For the next few moments, we smoked in silence, save for the chirping of a few birds and the rustling of the wind in the trees. Then Holmes turned to me and said, "You're right, Watson. I am in the mood to speak freely this evening. You have other questions, don't you?"
"Yes, I suppose I do," I replied.
"Ask me one," he said.
"All right," I replied, "Thus far, you have concentrated on the hypotheses you find most plausible. To me, the lines of thought you have suggested all seem quite probable. But I can't help wondering about some of your least probable hypotheses."
"Ah, yes, Watson," said Holmes. "What Inspector Lestrade would call my 'wild theories.' Would you like to hear about my wildest theory?"

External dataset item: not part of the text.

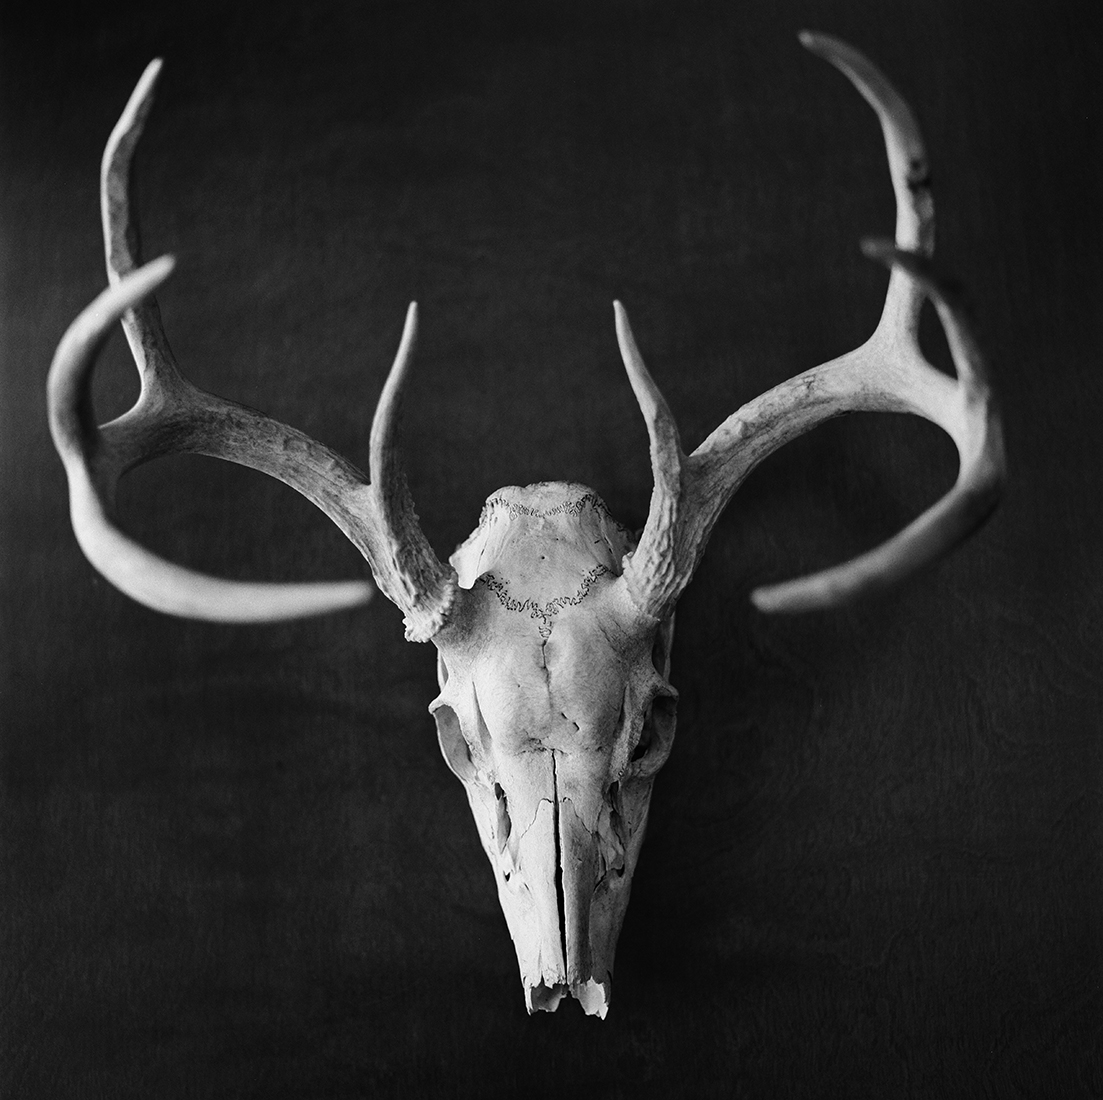 Stark white deer skull and antlers: the tiny black zigzagging lines on the forehead are sutures where bones meet.

"Yes, of course," I answered.
"First," he said, "we must acknowledge an implicit contradiction in the published reports. It's been reported that the body of Gareth Williams was unmarked save for small bruises at both elbows. But it has also been reported that his body was 'in an advanced state of decomposition.' We have no way of knowing which is true, if either, but we can say with confidence that if the body was badly decomposed, no small bruises would be visible.
"Many reports support the decomposition story, some indirectly. One of them, published by the Sun, quoted coroner's officer Kim Bedwell, who told the very short inquest session held September first, 'I'm satisfied that the deceased is Gareth Wyn Williams... Identification was confirmed by comparison of the deceased with a recent photograph that was supplied by the next of kin.'
"If Kim Bedwell told the truth and was quoted correctly, it's entirely possible none of the family have ever seen the body. And if that is the case, then it is entirely possible Gareth Williams is still alive!"

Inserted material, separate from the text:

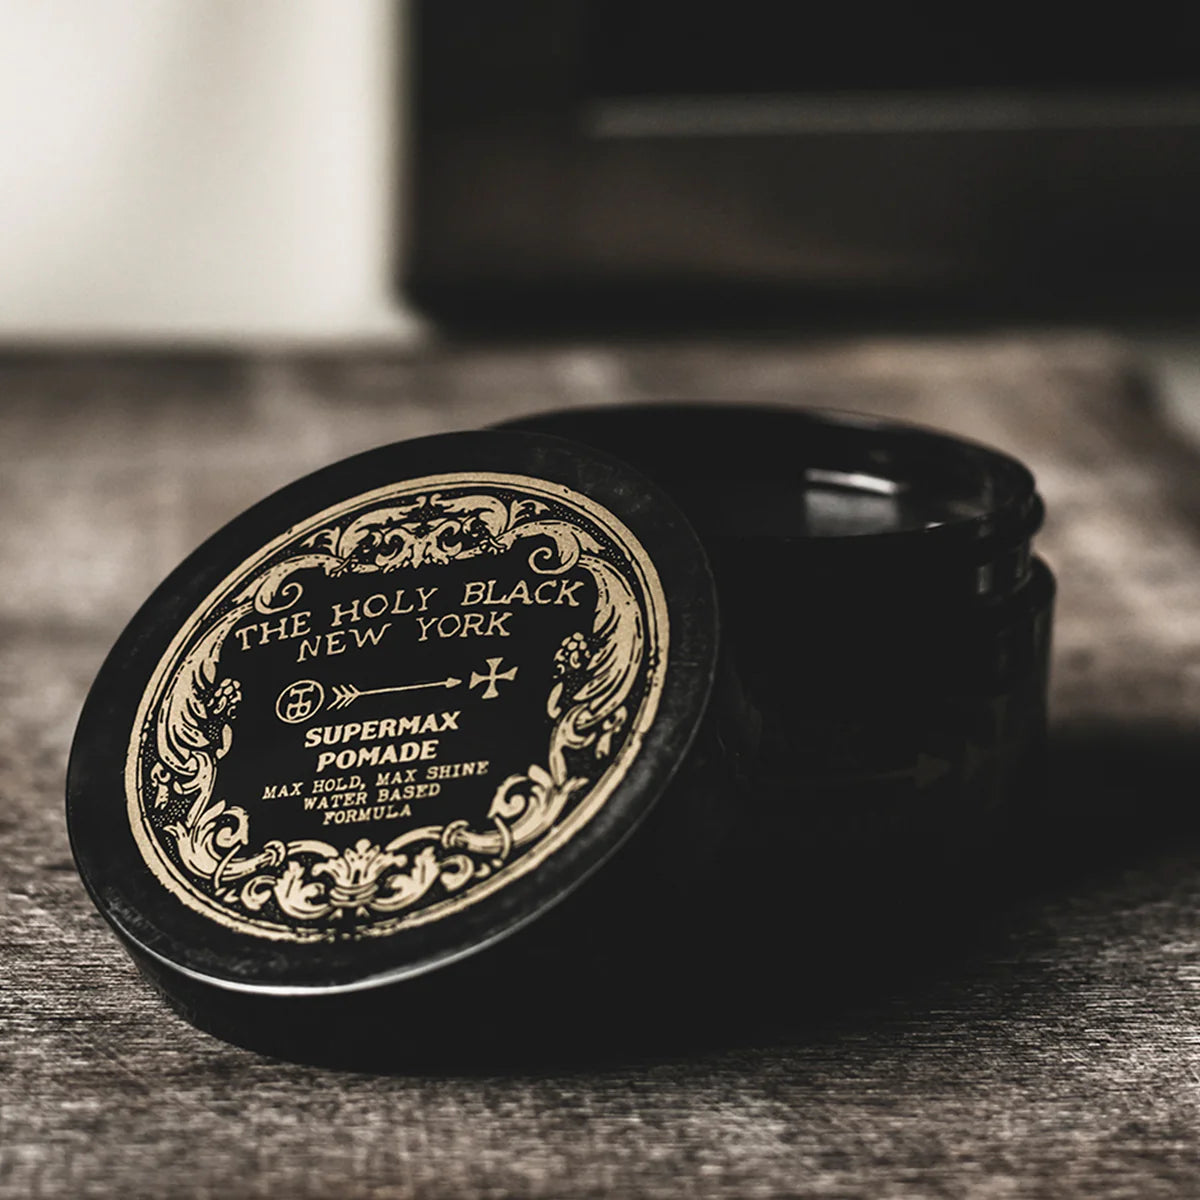 The Holy Black Supermax Pomade

"You don't mean it?" I gasped.
"I do!" he replied. "You asked for a wild theory. This is the wildest theory I can give you."
I whistled softly.
"Next in line," Holmes continued, "would be the wild theory that says Gareth Williams is dead but the body found in his flat belonged to someone else."
"Do you think that's possible, too?" I asked.
"If no family member has seen the body," he replied, "then virtually anything is possible."
"Wouldn't switching the body be too risky?" I asked.
"Compared to what?" asked Holmes. "Leaving the body of an MI6 man in an MI6 'safe house?' There is no possible interpretation which does not require outrageous audacity on behalf of the killers. Have you any other objection to my wild theory?"
"What would be the point?" I asked.
"Suppose the killers wanted to make sure they would never be betrayed by the forensic evidence available from the body. What better way could they achieve this than by leaving behind another body altogether? Perhaps the body that was found in the flat was in a remarkably advanced state of decomposition because its owner died long before Gareth Williams was last seen alive."
"And if that is the case," I said, "then we may be investigating a more monstrous crime than we ever suspected!"
"Don't get carried away," cautioned my friend. "It's only a wild theory!"